## Work order
Locate, in the data below, the line that contains "bebe recien nacido" and the line that contains "Garden decor trellis"; reproduce exactly those two lines and every line between them, nothing more.

## Data to examine

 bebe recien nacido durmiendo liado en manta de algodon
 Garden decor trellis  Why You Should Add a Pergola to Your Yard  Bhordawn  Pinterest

---

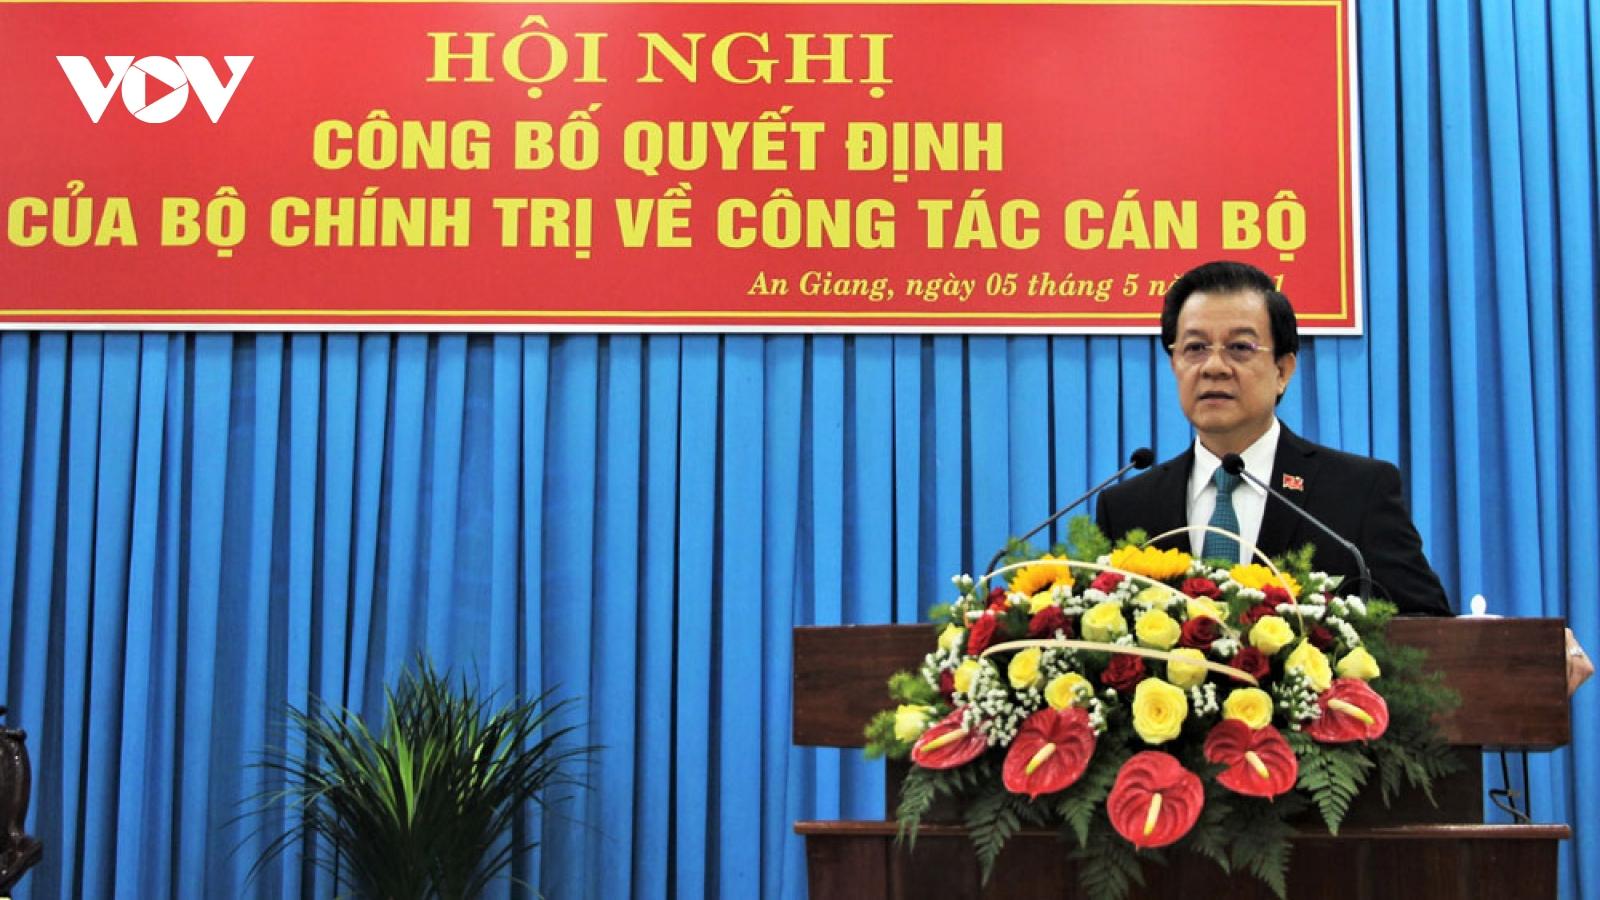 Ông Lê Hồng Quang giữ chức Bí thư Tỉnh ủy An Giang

--

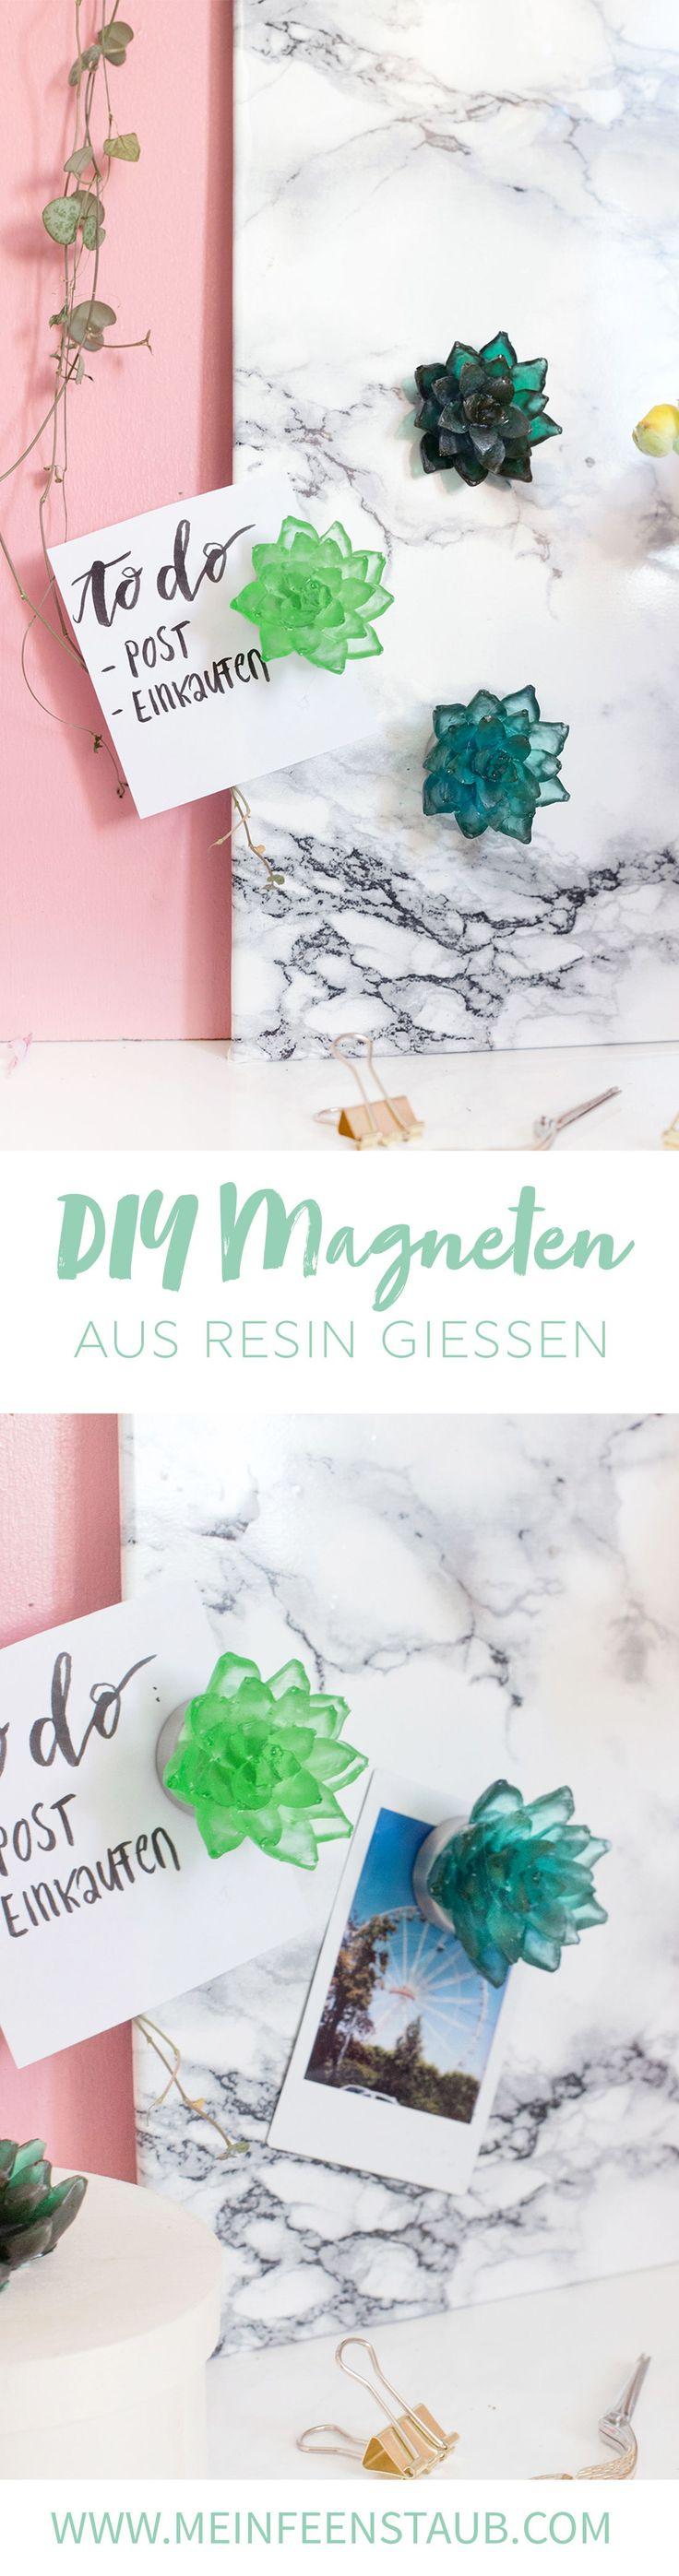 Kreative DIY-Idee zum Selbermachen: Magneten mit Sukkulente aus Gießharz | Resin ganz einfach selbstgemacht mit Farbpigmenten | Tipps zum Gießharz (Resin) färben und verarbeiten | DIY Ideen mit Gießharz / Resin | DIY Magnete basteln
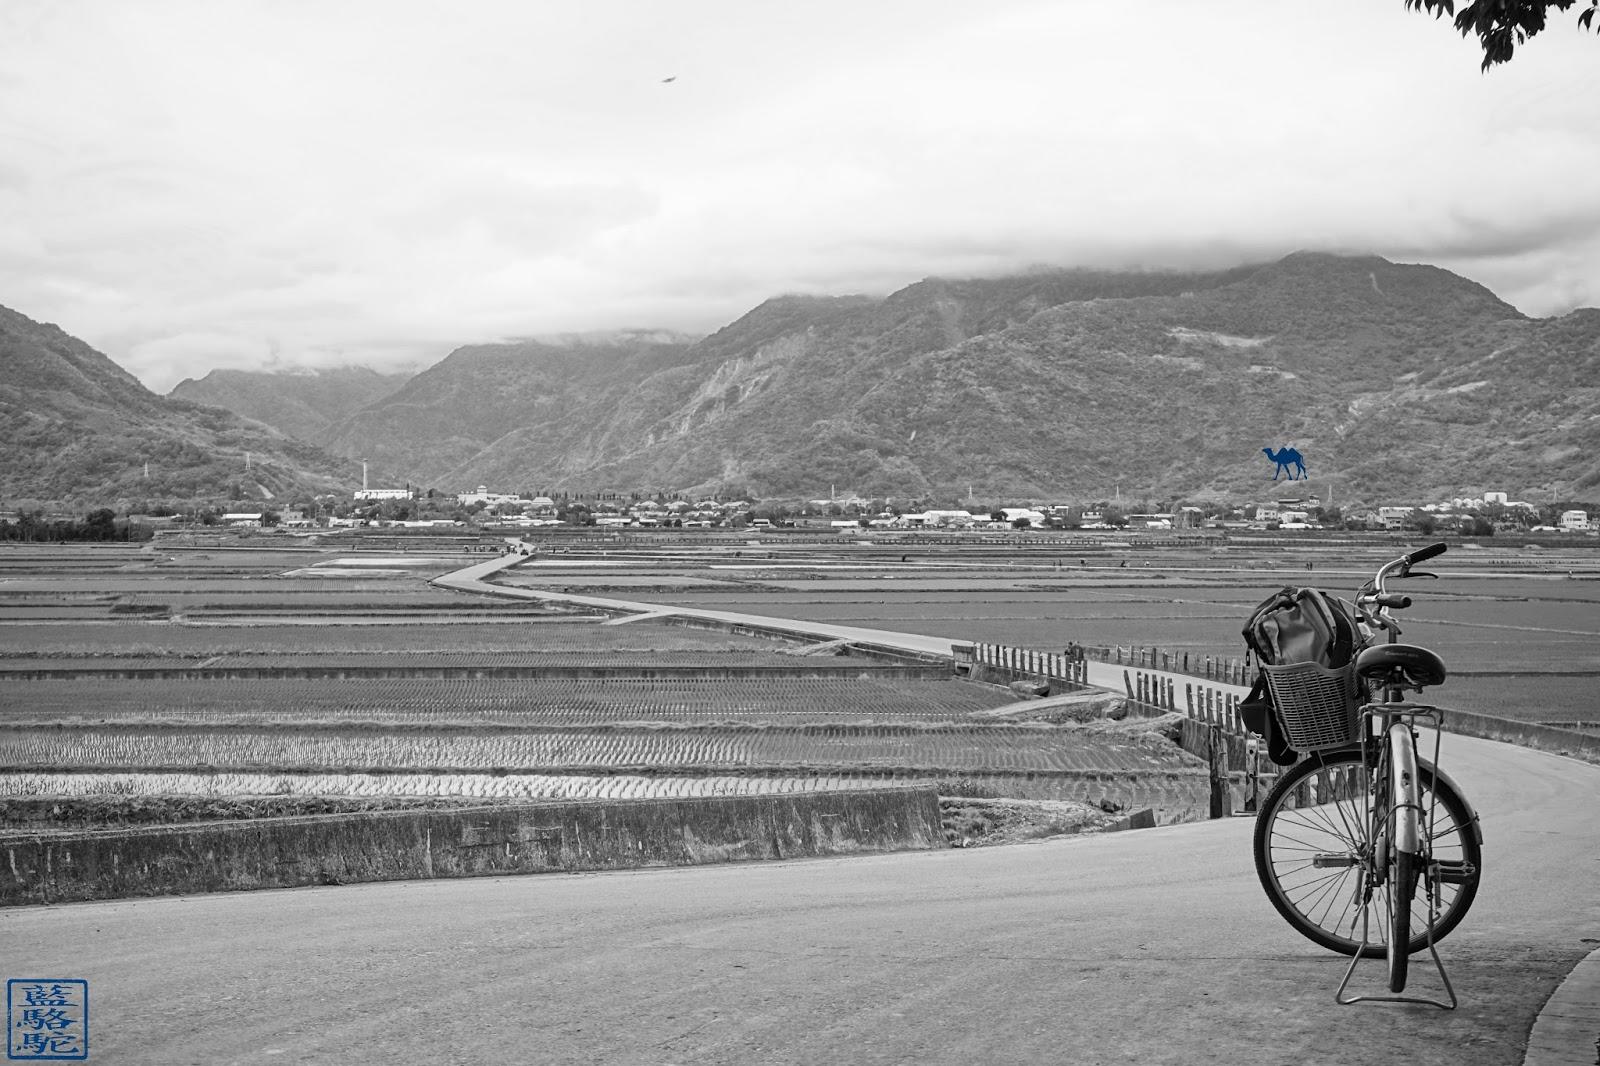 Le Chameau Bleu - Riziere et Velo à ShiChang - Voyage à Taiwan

## Output for this task
 bebe recien nacido durmiendo liado en manta de algodon
 Garden decor trellis  Why You Should Add a Pergola to Your Yard  Bhordawn  Pinterest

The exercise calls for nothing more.